Project Home
Project Home
Trackers
Trackers
Tasks
Tasks
Build & Test
Build & Test
Documents
Documents
Wiki
Wiki
Discussion Forums
Discussions
Reports
Reports
Project Information
Project Info
Forum Topic - qnx kernel crash analysis and qsymoops: (8 Items)
   
qnx kernel crash analysis and qsymoops  
Here is too silent.

I wrote a utility "qcrash/qsymoops" to analyze/decode qnx kernel dump in 2006 and added some features like backtrace, 
machine code to assembly code to it in 2008.

Here is the link for it:
http://sourceforge.net/projects/qcrash/
currently it can show backtrace of ppcbe,x86,shle,armle,armbe but no mips support yet as I never try mips at qnx yet 
although used to use sb1250,1125 for Linux 32/64 mips.
If you have qnx kernel crash/dump and if you are ok to publish it here, I can help a little bit(I am not a kernel 
developer so the help will be limited) or you can help yourself with qcrash/qsymoops.
There are still some cases it can't help too much as sometimes kernel crashes very strange and it is out of my mind(I 
can add more code to handle this). Or the printed kernel stack is too small not enough to show backtrace and you will 
only see pc there.

If you ever developed LInux kernel probably you know why I name it to qsymoops although recent Linux kernel doesn't have
 to use an external tool to analyze its kernel dump, it is showed by kernel itself.

kernel dump is some texts so sometimes it may not analyze it correctly and you may have to make the dump neat to make 
qsymoops to understand better. I am not quite familiar with regexp so probably you can improve it.
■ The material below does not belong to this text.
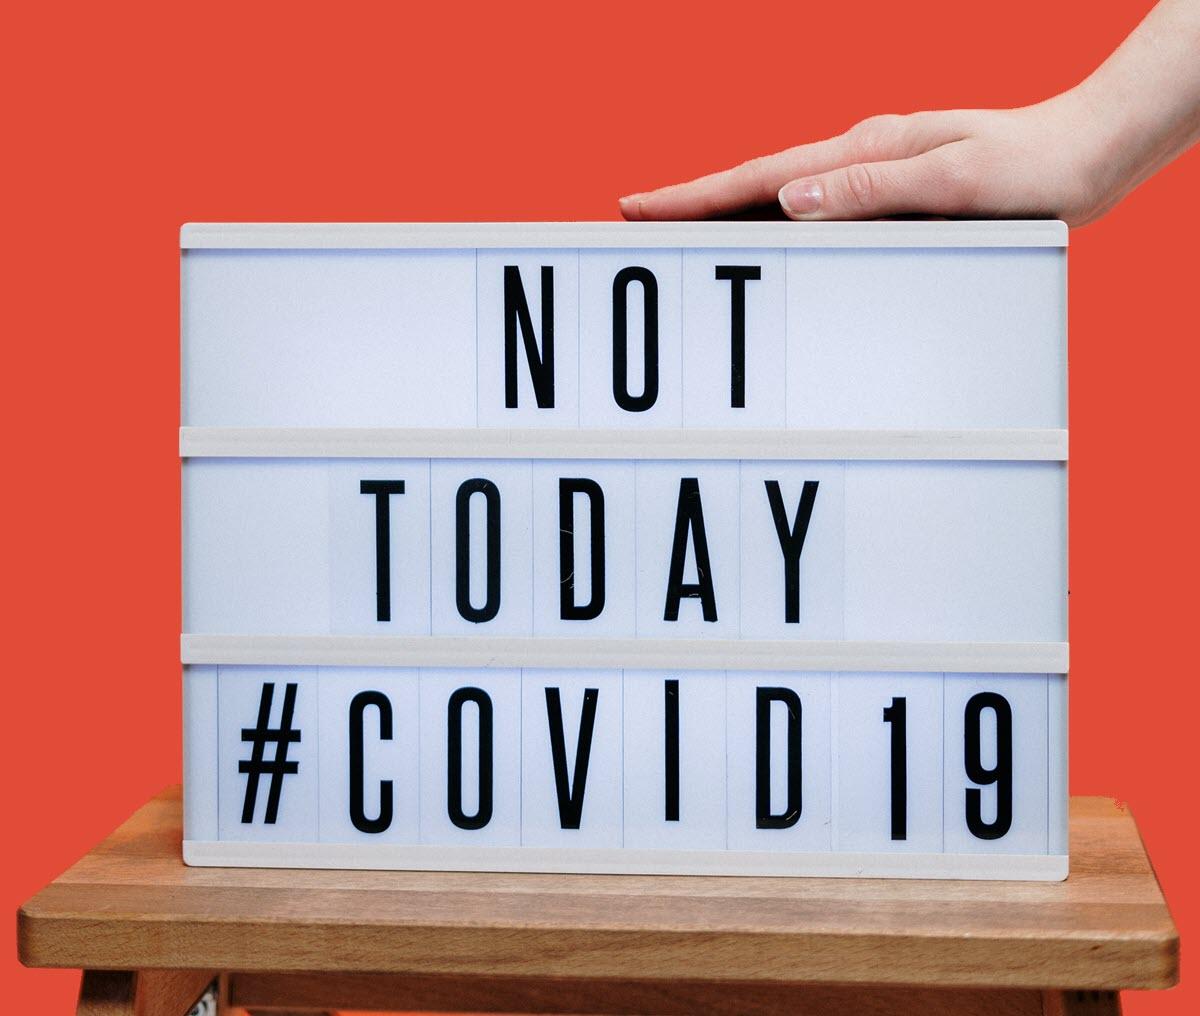 Covid 19 Resources

Re: qnx kernel crash analysis and qsymoops  
Hi Yao,

It doesn't link on linux - no __bswap_32

Also, is it 64bit safe?  I had to make the following change on x86_64 linux

Index: Makefile
===================================================================
--- Makefile	(revision 16)
+++ Makefile	(working copy)
@@ -4,6 +4,10 @@
  # on newer version it will return long machine name for -p.
  HOSTARCH := $(shell uname -m | sed -e 's/i.86/x86/g' -e 's/sh.*/sh/' \
  				-e 's/x86pc/x86/' )
+ifeq ($(HOSTARCH),x86_64)
+	HOSTARCH=x86
+	CFLAGS+=-m32
+endif
  ifeq ($(ARCH),)
  ARCH := $(HOSTARCH)
  CROSS_COMPILE :=

Yao Zhao wrote:
> Here is too silent.
> 
> I wrote a utility "qcrash/qsymoops" to analyze/decode qnx kernel dump in 2006 and added some features like backtrace, 
machine code to assembly code to it in 2008.
> 
> Here is the link for it:
> http://sourceforge.net/projects/qcrash/
> currently it can show backtrace of ppcbe,x86,shle,armle,armbe but no mips support yet as I never try mips at qnx yet 
although used to use sb1250,1125 for Linux 32/64 mips.
> If you have qnx kernel crash/dump and if you are ok to publish it here, I can help a little bit(I am not a kernel 
developer so the help will be limited) or you can help yourself with qcrash/qsymoops.
> There are still some cases it can't help too much as sometimes kernel crashes very strange and it is out of my mind(I 
can add more code to handle this). Or the printed kernel stack is too small not enough to show backtrace and you will 
only see pc there.
> 
> If you ever developed LInux kernel probably you know why I name it to qsymoops although recent Linux kernel doesn't 
have to use an external tool to analyze its kernel dump, it is showed by kernel itself.
> 
> kernel dump is some texts so sometimes it may not analyze it correctly and you may have to make the dump neat to make 
qsymoops to understand better. I am not quite familiar with regexp so probably you can improve it.
> 
> 
> 
> 
> 
> 
> _______________________________________________
> 
> General
> http://community.qnx.com/sf/go/post36914
> 

-- 
cburgess@qnx.com
Re: qnx kernel crash analysis and qsymoops  
probably you have to define __USE_BSD when you compile, __bswap_32 is defined in /usr/include/bits/byteswap.h and 
included by endian.h.
I am not sure why on x86_64 no __USE_BSD defined.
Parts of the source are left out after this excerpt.